It’s certainly not the worst insult you’ve ever had slung your way in your life, but it’s not kind by any means. But it is the sort of comment that will probably have you second-guessing even going to Freckles or Vanessa for at least the next several months. The kind of comment that will have your eyes downcast at floor and pavement without the confidence that you have spent your entire adult life working to cultivate. The kind of comment that makes you feel as useless and unwanted as you always did as a kid. “Got it,” you murmur, head bobbing in a repetitive nod. “Got it. I, um…I’ll get out of your hair…” you decide, setting down your glass and altogether ready to flee his apartment despite having nowhere to go, just so he won’t see how genuinely hurt you are by what Alex said. Or worse, how much you appreciate the fact that Javier stepped in to defend you.
"Don't go." Javi won't make you stay, but he doesn't want you to leave when you're upset. He can hear the hurt in your voice. His eyes sliding over to where you are halfway out of your seat. "You don't have to." He has a feeling that being alone would be the worst thing for you.
“You can’t possibly want me around when I’m like this.” The tears have welled up in your eyes and are threatening to spill over, and Chi-Chi has sensed the change in your mood, sitting up in front of you and whining softly in concern. “Or at all, for all the grief I’ve given you.”

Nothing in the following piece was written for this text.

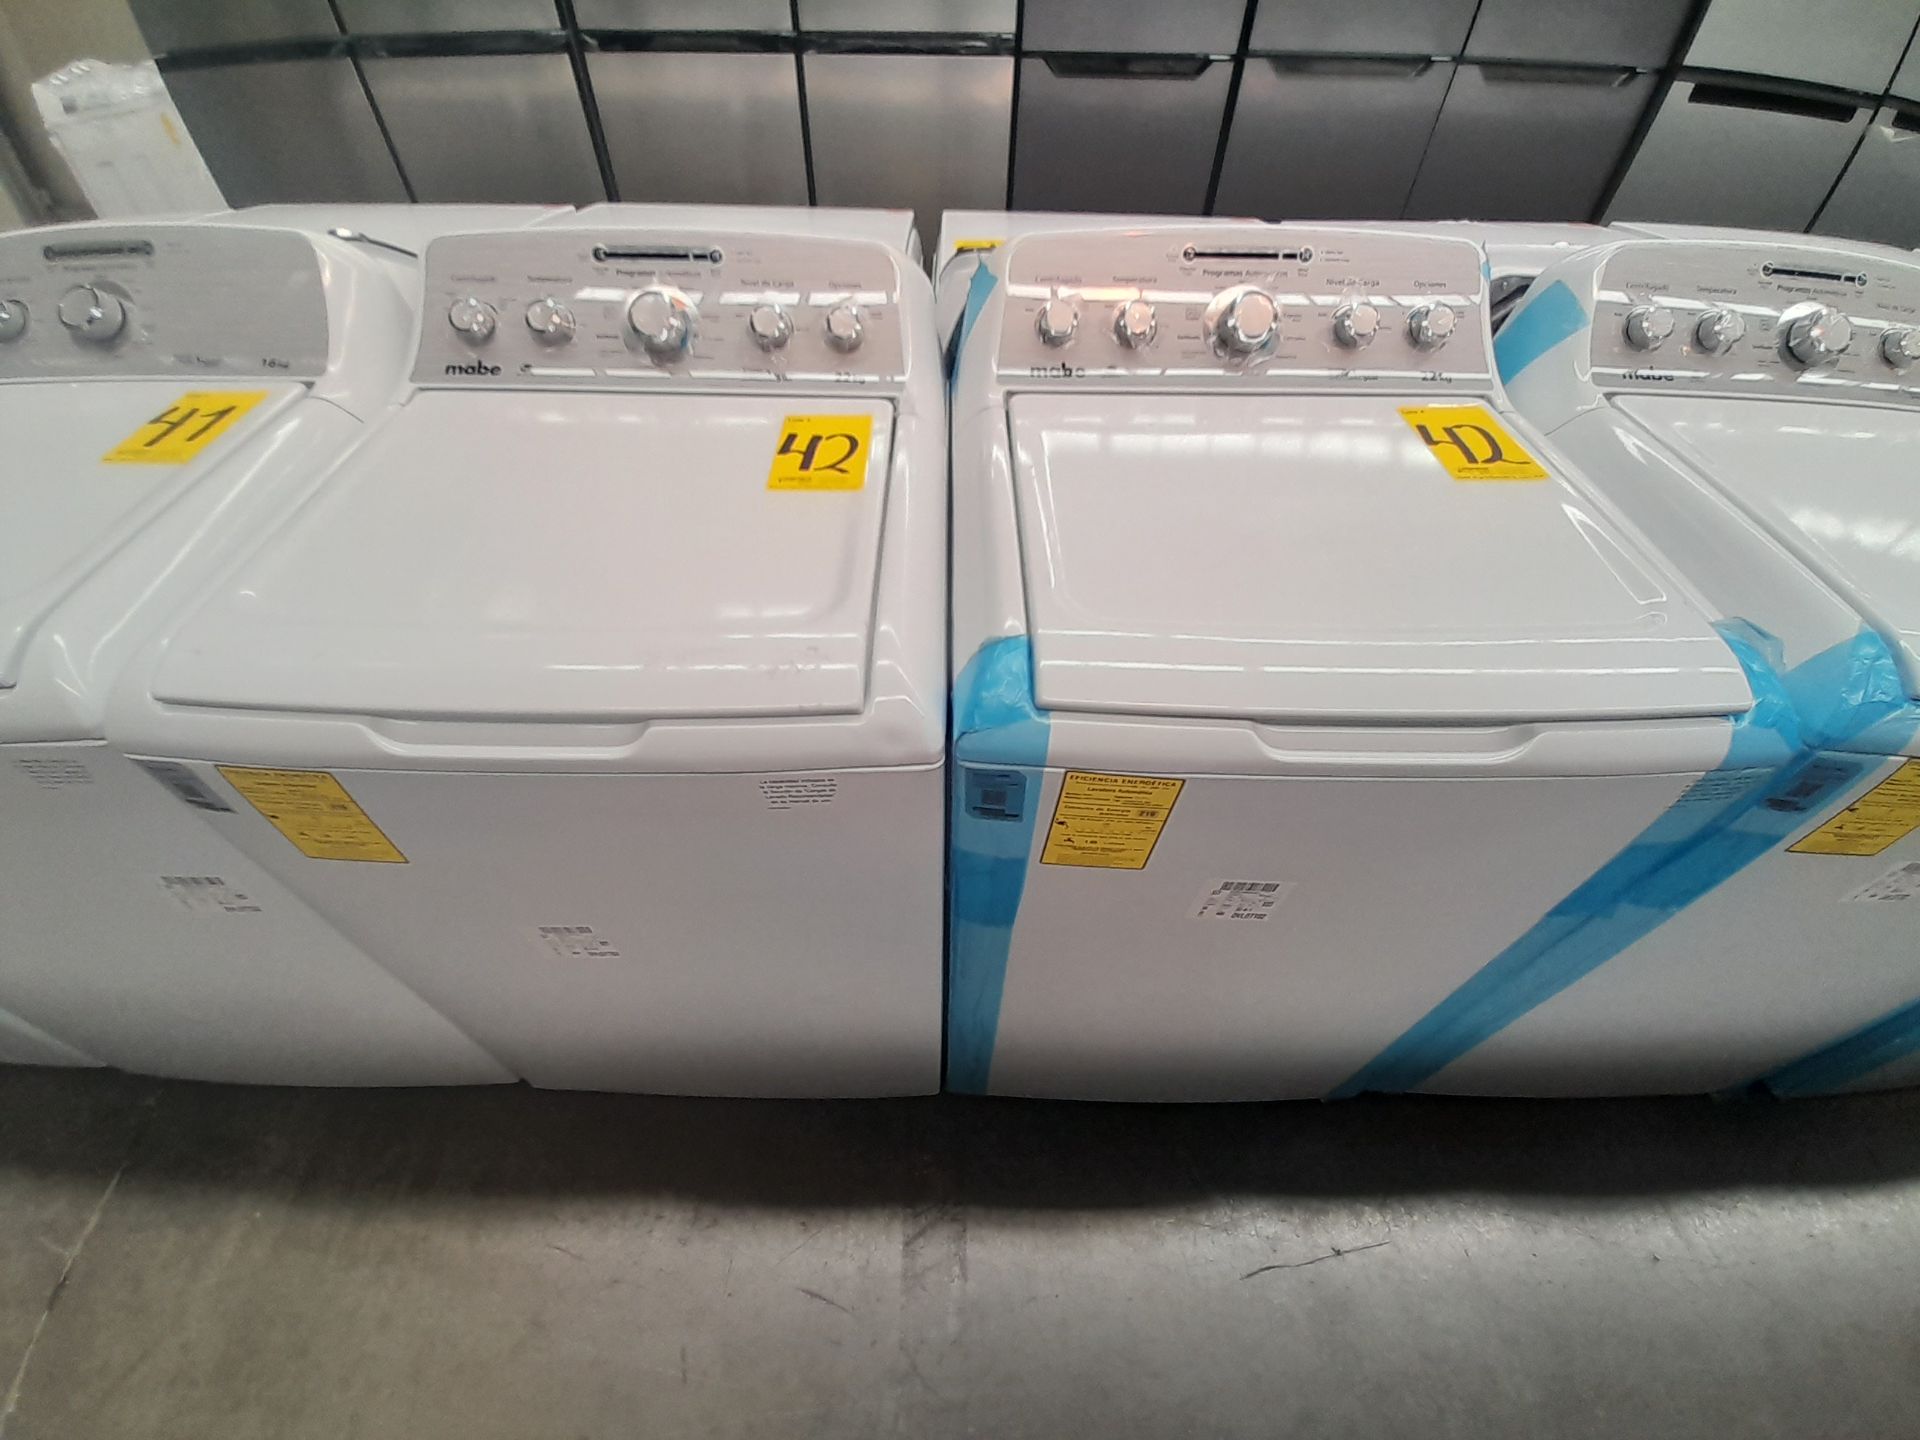 Lote de 2 lavadoras contiene: 1 lavadora de 22 KG, Marca MABE, Modelo LMA72215CBAB02, Serie S02700,

"Don't go." He murmurs again softly.
“I’m sorry.” That’s when the first tears fall. With two small words that mean so many different things.
"Don't be sorry." He shakes his head, frowning and wishing that he had another drink but he doesn't move. "It's not your fault he's a fucking prick."
“I’m sorry for so much more than that.” You wipe at your cheeks, calling yourself back to order as quickly as you can and also scratching between sweet Chi-Chi’s ears to soothe her so she doesn’t get too worked up. “I’ve given you nothing but grief and you didn’t deserve it.”
He frowns slightly, wondering what is with your change in attitude. "No, I didn't." He won't mince words and make you feel better. You were wrong about him.
“Helena set the record straight.” He deserved to know the discussion that was had about him just like you did, even if the one about you was far worse. “About how you protected her, and she was the one who insisted on trying to get information. That—that you didn’t send her in for it. I misunderstood the whole situation and I’m sorry for thinking the worst of you.”
Javi lets your explanation settle over him for a moment. Absorbing it. Letting it sit for a moment before he nods. "It was a shit situation." He admits. "At least she survived. Can one day move past it. Unlike the other girls that went with them that we fished out of the river last week."
“They’re all psychopaths. The sicarios.” The best you can do is shake your head in utter disgust. “But she’s going to be okay. It will be good for her to get to move. To get away from the memories, at least physically.”
"They are." That he will completely agree with. His jaw tightens slightly, knowing that right now he is on the outs of the action, unable to be there. Murphy probably won't even call him tonight. He looks at his empty glass and knows that before he gets too drunk, he should probably eat. "You hungry?" He asks, looking over at you curiously. He had never been around while you and Helena ate, often working long hours that week that you stayed here, but he had appreciated the leftovers in the fridge.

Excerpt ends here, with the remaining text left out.